Sudah lama di kalangan masyarakat Bali, terutama, beredar joke mengenai sukses KB di Bali yang akan menyebabkan hilangnya Nyoman (Komang) dan Ketut dari keluarga Bali karena rata-rata keluarga Bali punya dua anak (anak pertama dinamai Putu atau Wayan, dan anak kedua dinamai Made). Sukses KB di Bali ini tercermin dari rasio TFR di Bali yang 2,1 (SDKI 2017) – di bawah rata-rata nasional 2,4. Dengan TFR 2,1 maka jumlah angka kelahiran sama dengan yang meninggal. Di Bali, mayoritas warganya menjadi peserta KB mandiri, artinya warga bersedia mengeluarkan uang untuk ikut KB.
Kini melalui Program KB Krama (Orang), Bali berusaha mengejar rasio TFR menjadi 3. Usaha menaikkan rasio itu tampaknya tidak akan sulit mengingat 30% warga Bali ada yang sudah memiliki tiga atau empat anak. SDKI 2017 di Bali juga menunjukkan keinginan sebagian warga untuk mempunya anak lebih dari dua orang. Yang perlu diperhatikan adalah memiliki anak dalam jumlah banyak juga akan meningkatkan risiko kesehatan bagi ibu.
Angka Kematian Ibu (AKI) saat persalinan di Bali cukup moderat.Tahun 2016 dari 100.000 ibu melahirkan hampir 79 meninggal dunia. Kasus AKI 2016 itu lebih baik dibandingkan dengan AKI tahun 2012 yang mencapai 96; namun masih lebih buruk dibandingkan AKI 2010 yang hanya 58 ibu. Angka kematian ibu tertinggi terjadi di Kabupaten Buleleng 14 orang (2016), dengan mayoritas (11 orang) berusia antara 20 – 35 tahun. Menurut WHO (Organisasi Kesehatan Dunia) AKI merupakan tolok ukur kualitas pelayanan kesehatan suatu negara (Dr.Putu Doster Mahayasa SpOG, 2016).

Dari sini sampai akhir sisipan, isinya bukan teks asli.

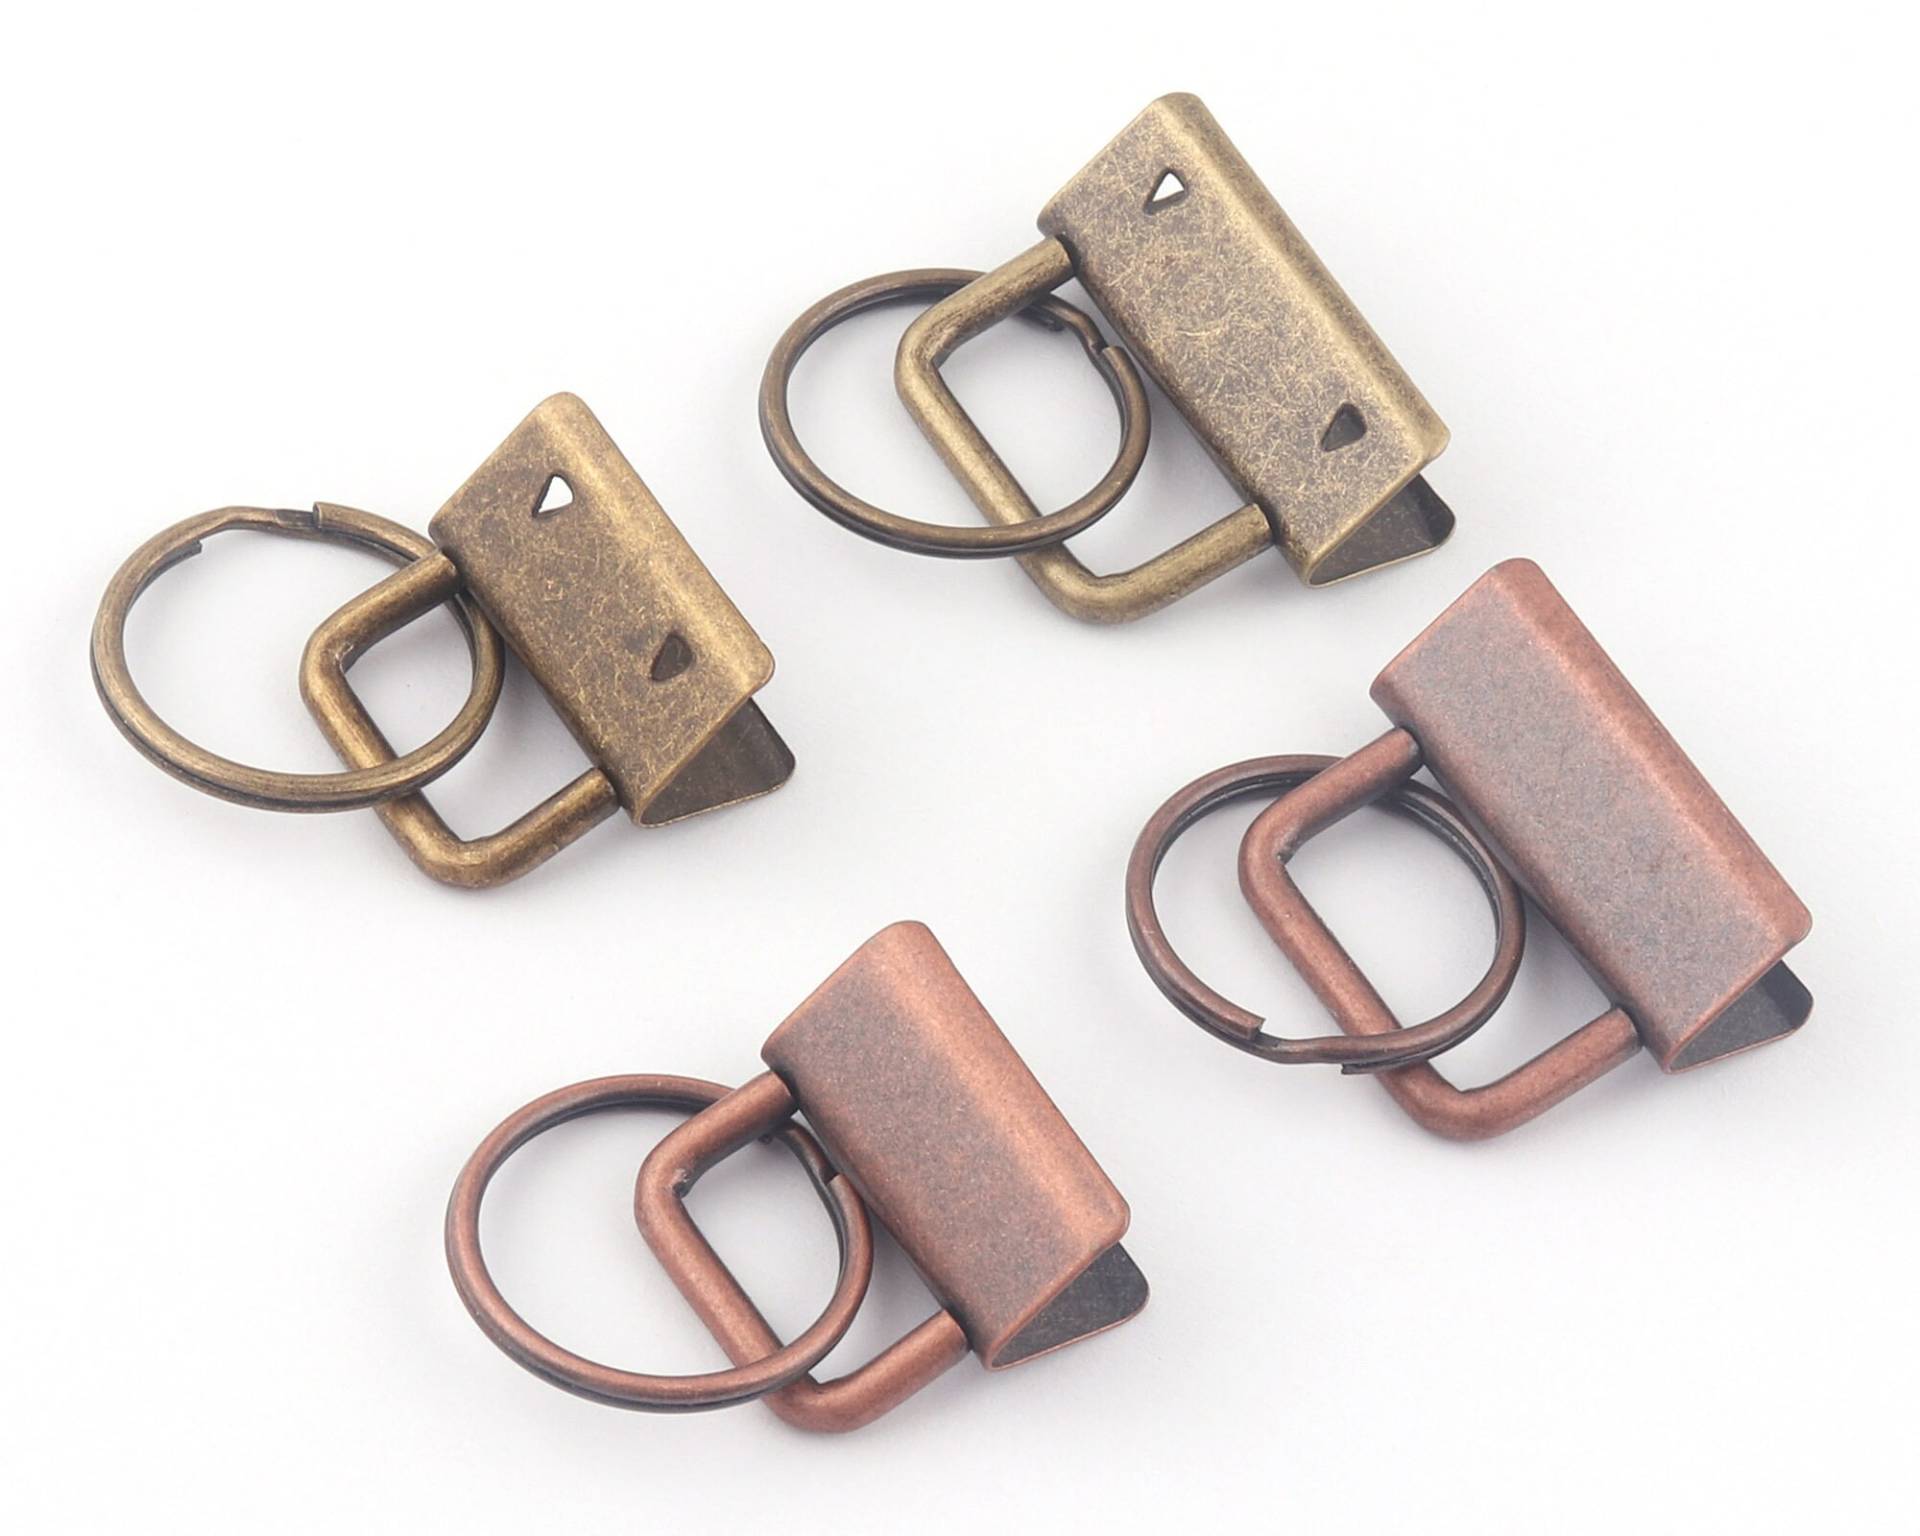 25/32mm Kupfer Metall Schlüsselanhänger Hardware Mit Schlüssel Ringe Sets Schlüsselbund Für Riemen Und Schlüsselbänder Gurtband Wristlets von LeatherWorldcraft

“… bertambahnya penduduk juga akan menambah permintaan akan fasilitas pendidikan, pelayanan kesehatan, kebutuhan perumahan, dan transportasi publik jika Bali (terutama Denpasar) tidak ingin bertambah macet.”

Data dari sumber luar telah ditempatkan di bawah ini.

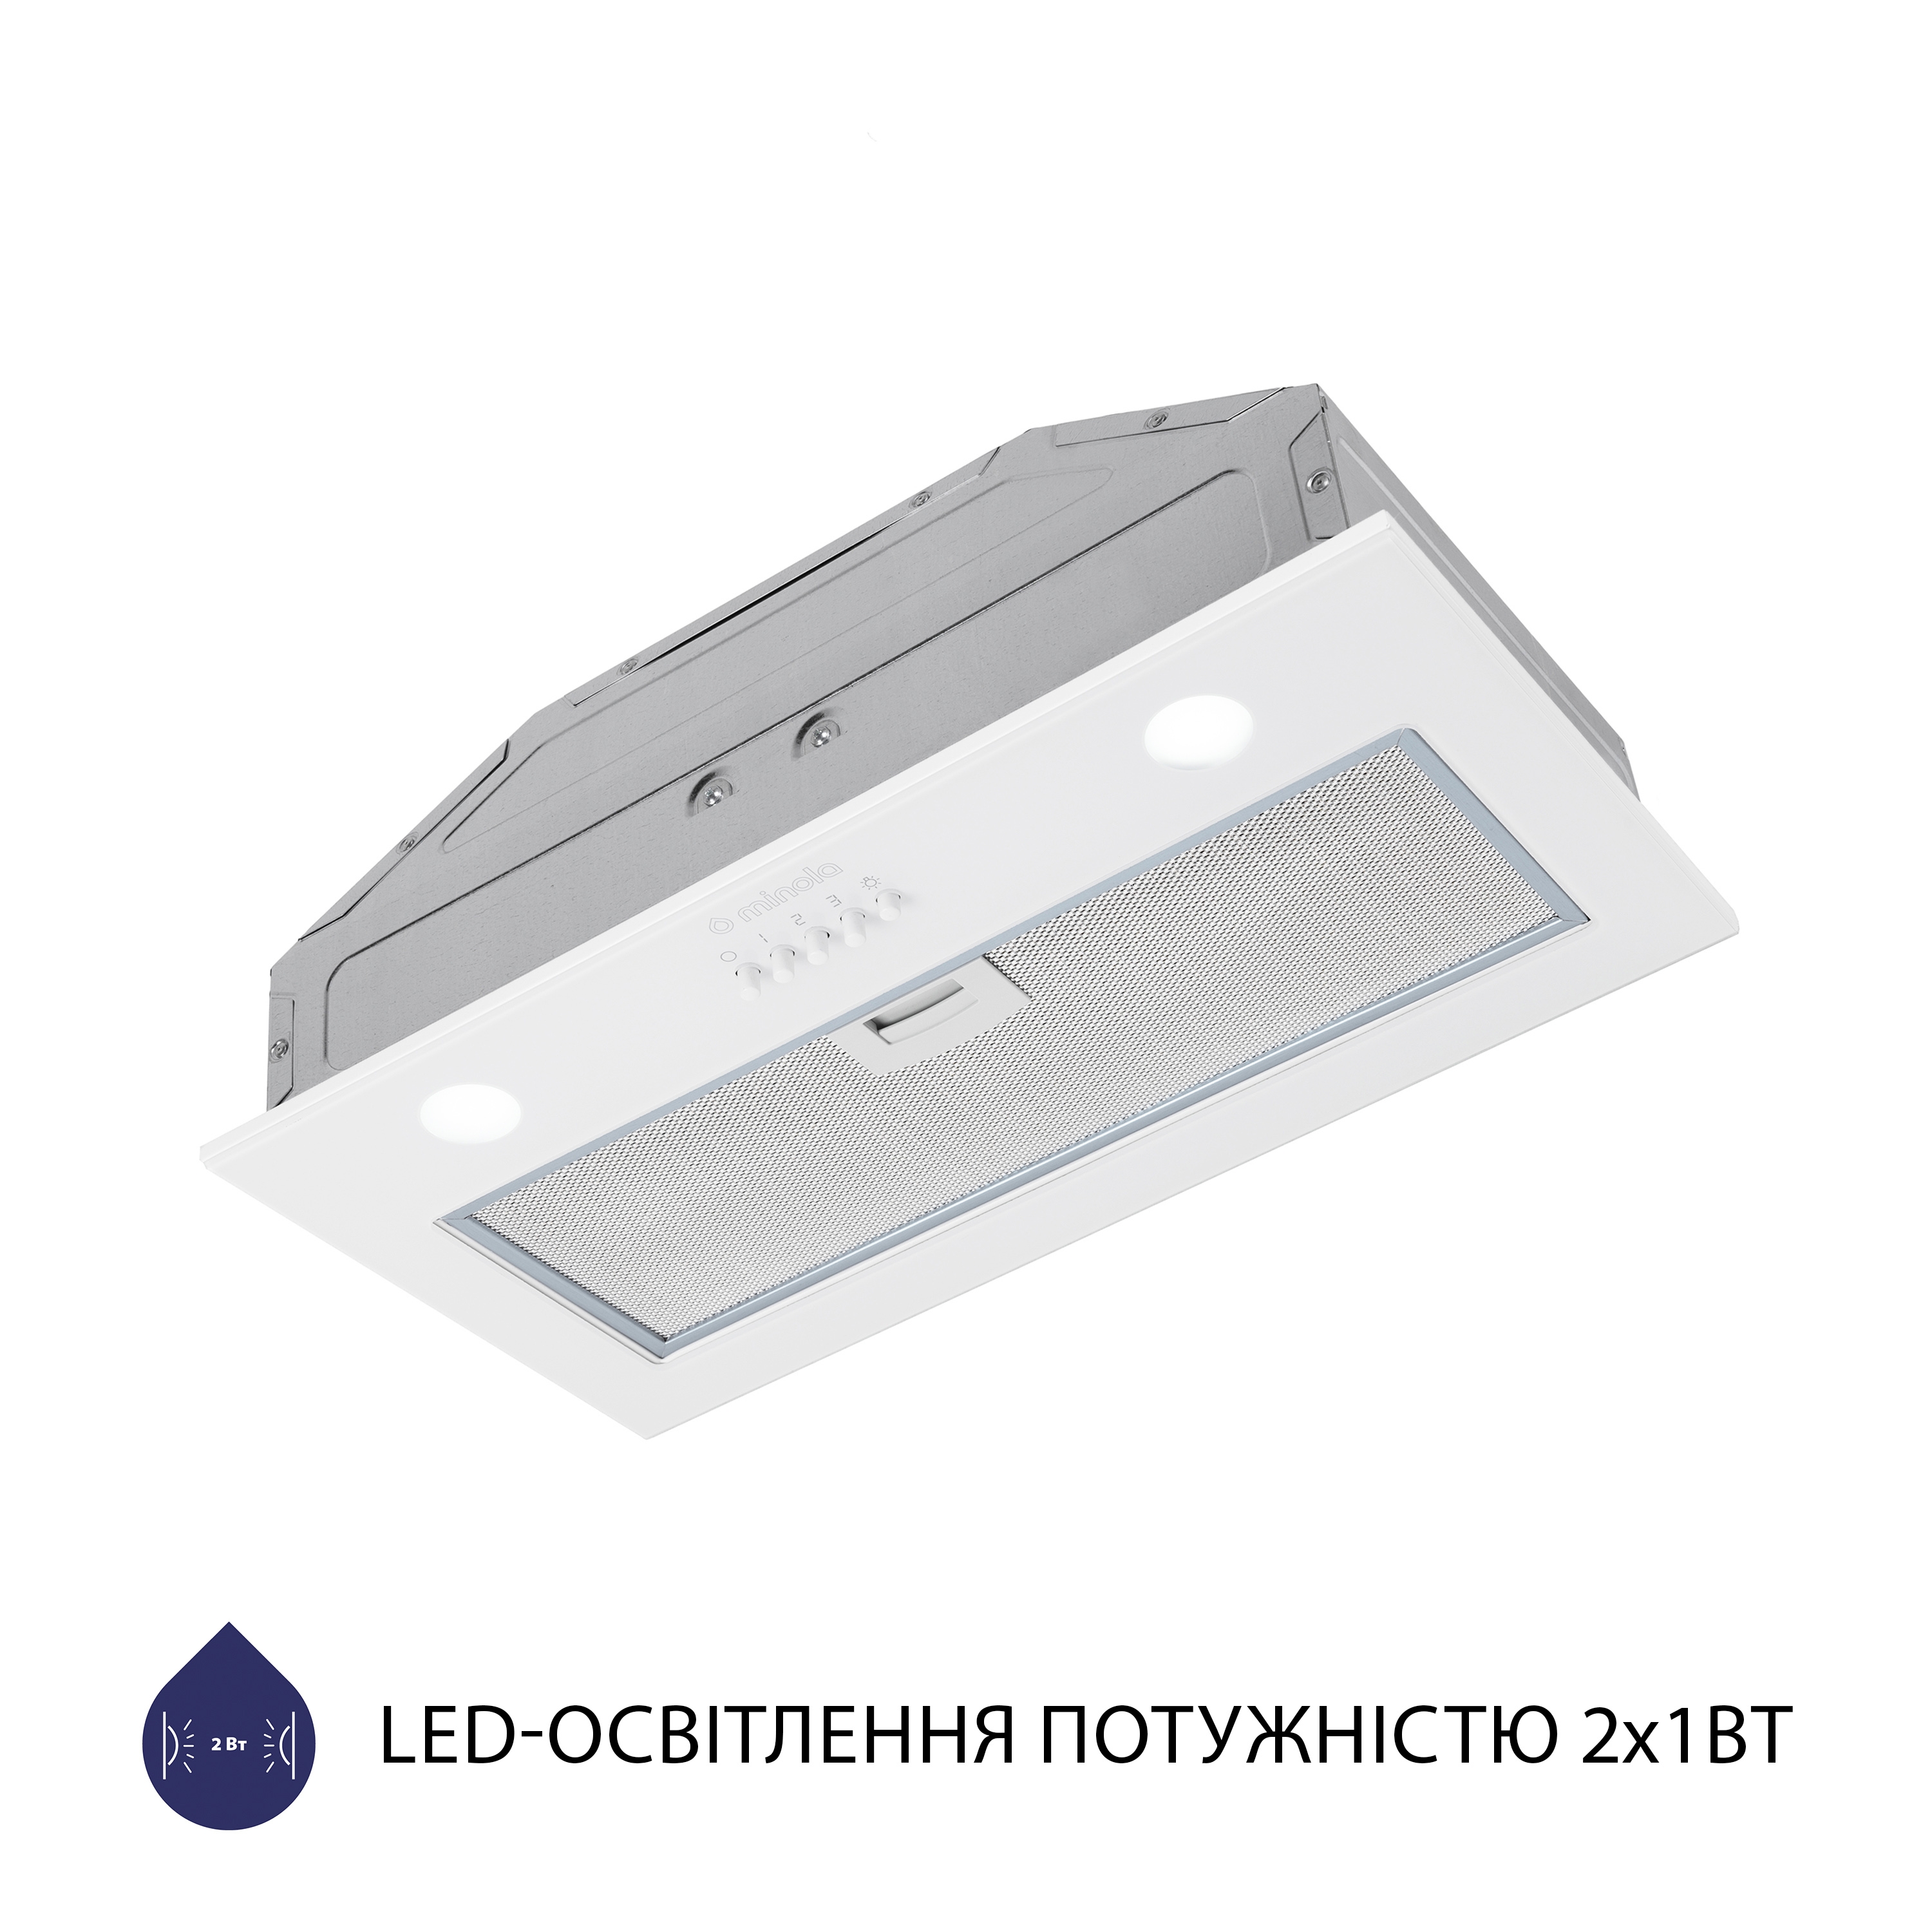 Витяжка кухонная полновстраиваемая Minola HBI 52621 WH GLASS 700 LED отзывы - изображения 5

Program kembali ke empat anak Gubernur Wayan Koster bisa dianggap berhasil jika dengan kelahiran empat anak itu, rasio AKI juga bisa diturunkan – setidaknya mendekati kejadian tahun 2010. Jika terjadi sebaliknya: anak ketiga dan keempat hadir namun nyawa sang ibu melayang, maka Instruksi Gubernur Bali No. 1545 itu perlu ditinjau kembali. Kendati demikian AKI di Bali, masih lebih baik daripada AKI nasional yang mencapai 305 pada 2017. Indonesia sedikit lebih baik dari Laos dengan AKI 357 sebagai juaranya.

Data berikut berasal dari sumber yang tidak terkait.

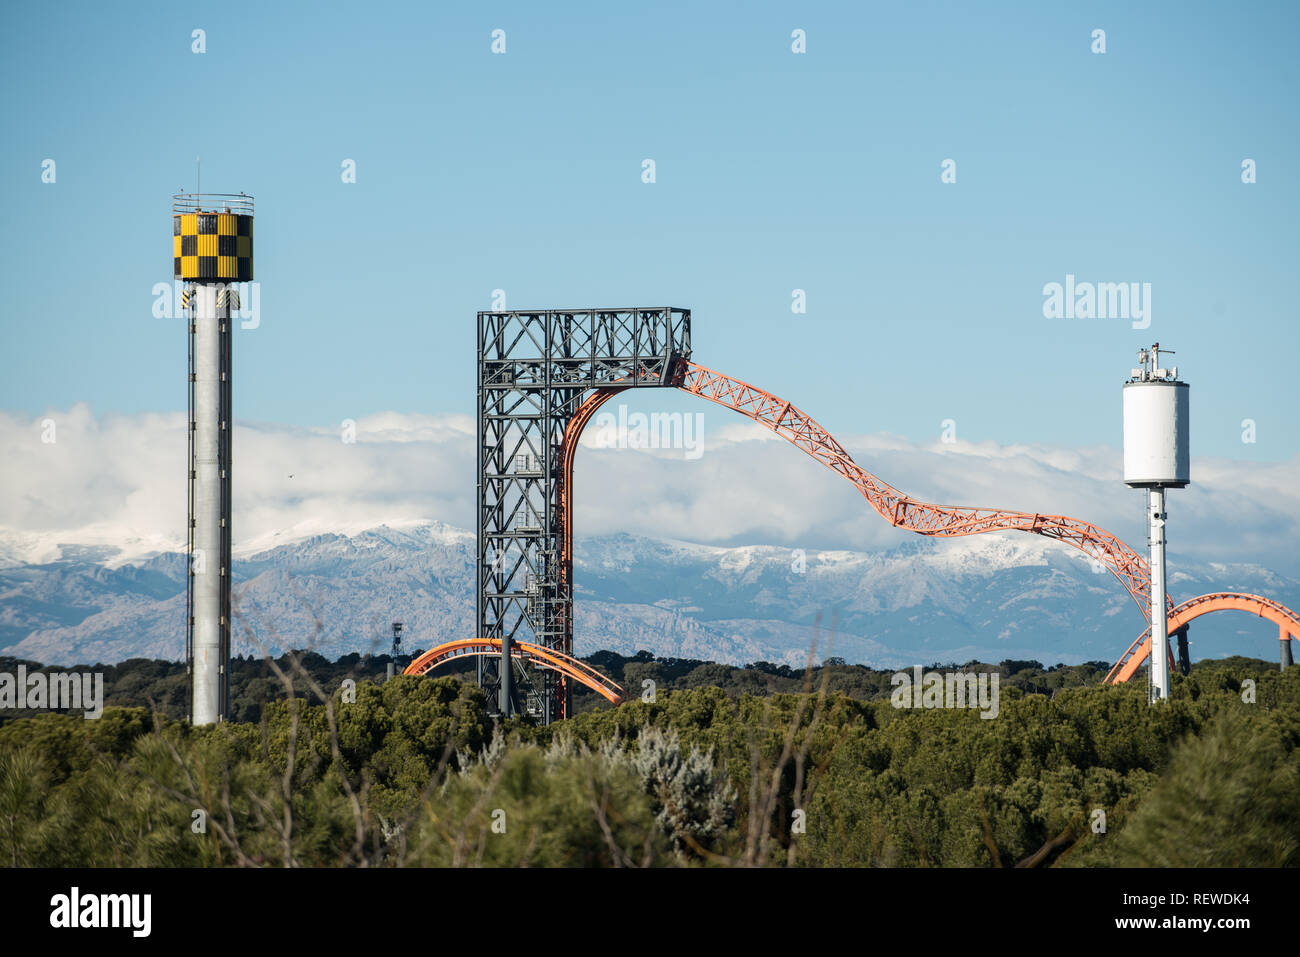 Parque de attractiones, Madrid, Janvier 2019 Banque D'Images

Yang perlu diingat bertambahnya penduduk juga akan menambah permintaan akan fasilitas pendidikan, pelayanan kesehatan, kebutuhan perumahan, dan transportasi publik jika Bali (terutama Denpasar) tidak ingin bertambah macet. Hal ini pernah diingatkan Gubernur Made Mangku Pastika tahun lalu: Bali dengan 4,2 juta orang sudah cukup berat. Ia meminta agar program KB lebih menyasar pada penduduk miskin di perdesaan dengan anak lebih dua orang. Ia ingin SDM Bali kelak lebih berkualitas dengan keluarga kecil.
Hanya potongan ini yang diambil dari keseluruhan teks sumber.